Honest Talk About Failing School Districts

School district funding is back in the news again, thanks to the Facebook founder kid donating a good chunk of change to the failing Newark NJ school district. All the news articles fawning over this event readily admit that spending per student is already high in this district--but nobody will mention the real bogeyman here.
It drives me nuts when so many media articles yap on and on about failing school districts and bad teachers and need for new programs, yet dance around the real issue. Which is: that students residing in communities with low social economic standards are screwed. It's just not P.C. to admit that the problem begins with the community and the home. One teacher I know was telling me how it's a known fact (among teachers) that when a school district reaches 40% free lunch (low income) the district is as good as doomed.

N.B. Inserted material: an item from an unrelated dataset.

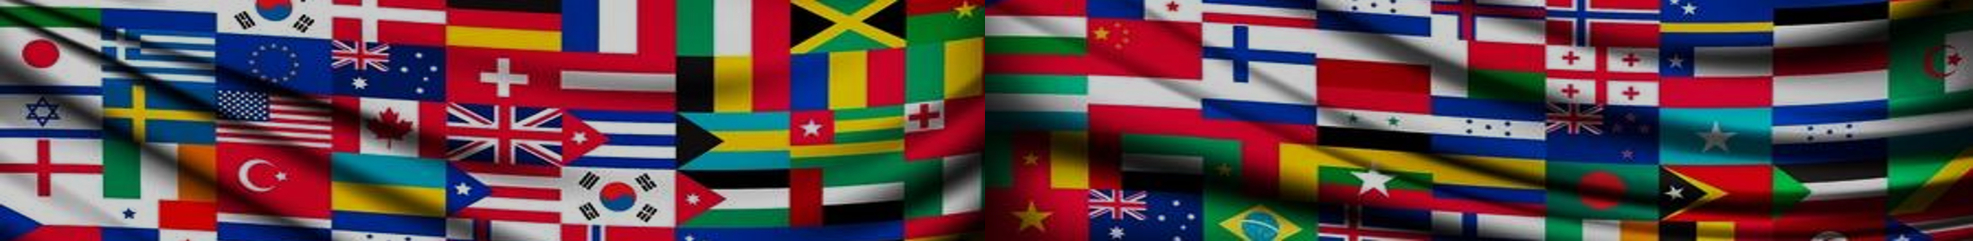 World Flags Dull

Why is this ? Because when you are raised in a home where nobody believes anything good will come from education (because, hey, it didn't work for me) they don't give a damn if you succeed or not. If your economic reality is only the crooks and pushers are rich-then you know that school is a joke. Out here in the poor communities of Alaska--they always feel that success comes from "connections", not education. It simply feels useless. It also doesn't help when the community at large mocks "nerdy" or successful kids in these types of impoverished areas.
You won't solve this ingrained mentality by blaming the poor teachers (and bless them for sticking it out in these difficult districts). But you need to target the parents. Everyone who was raised upper middle class knows that they were expected to succeed by their elders--not mocked for trying.
So take that Facebook money, and redirect it to the community--advertise on billboards, buses and TV that education is the real path to success and popularity. Change the "it's no use" mentality instead of bashing your head against the wall and flushing money down the drain.